Add the Heritage Foundation's effort to vet the "right" judges and it's a recipe for disaster.
jaxexpat
(7,248 posts)Apparently it matters very little that laws were passed by representatives of the governed when those laws can be circumvented by the will of rogue judges. Especially when rogue becomes the norm when Republicans appoint judges.
That's got to be the current GOP congress' philosophy.
It doesn't matter when we get nothing done, we're not enforcing existing laws so why pass new ones.And they may have something there considering how since 1981 they've done everything possible to cause government to fail. All while Progressives kept plodding right along, doing the work, apparently unaware that the other side was letting the air out of the tires and spiking the fuel and stuff. Government has become ungovernable simply because, without consensus at some level, there is only chaos.
SpankMe
(3,078 posts)He's "interpreting" law and precedent like an 8th grader with paper-thin reasoning abilities rather than an experienced jurist.

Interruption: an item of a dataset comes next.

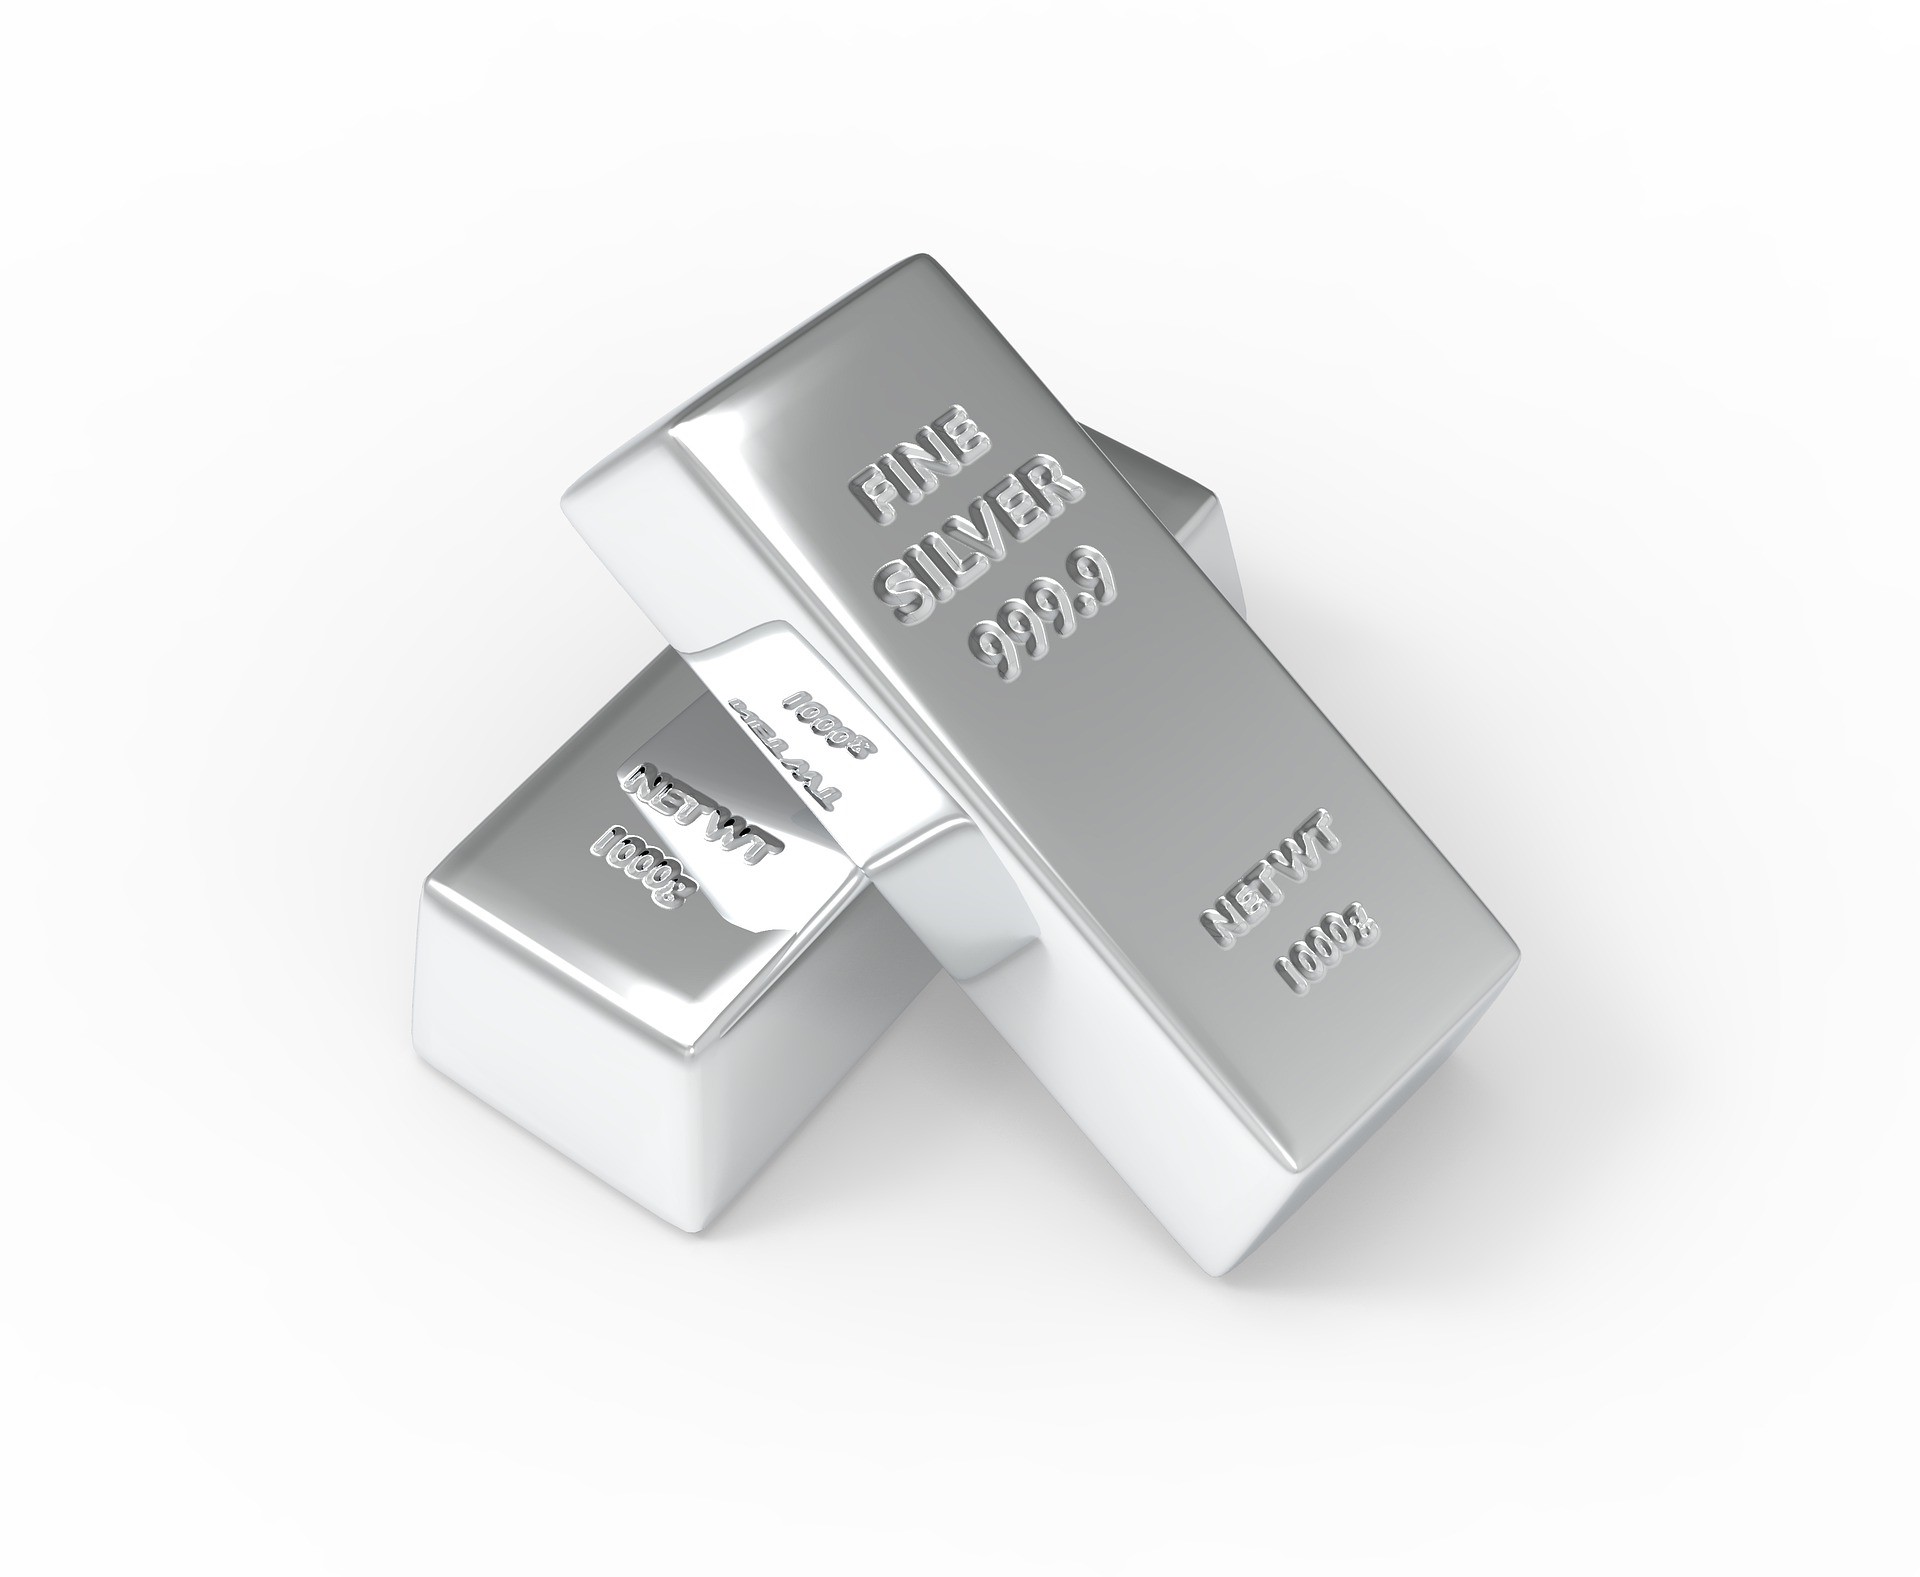 Xtrackers IE Physical Silver ETC Securities (XSLR ETC) investerar i silver. Den totala kostnadskvoten uppgår till 0,20 % p.a. ETC replikerar utvecklingen av det underliggande indexet med en skuldförbindelse med säkerheter som backas upp av fysiska innehav av ädelmetallen. Xtrackers IE Physical Silver ETC Securities har tillgångar på 116 miljoner euro under förvaltning. XSLR ETC är äldre än 1 år och har sin hemvist i Irland.

He's saying that the law itself has to state that private citizens can sue. He's saying that that since the statute doesn't explicitly say this, only the attorney general may sue/enforce.
It is ridiculous to say that every statute passed by congress must include a list of all groups or entities who have standing to sue or seek a remedy/enforcement.
Well, lets beat the courts at their own game. If Dems keep the Senate and Whitehouse and can take the house next fall, we must amend the law to confer standing to any class necessary to enforce the Act.
Dems should be keeping a list of all such revisions needed on any law, and pre-write the drafts now. Then, when and if we can keep control of these branches, whip them out of our back pocket and ram-rod these through within the first few months. That's what Repubs did when Roe fell.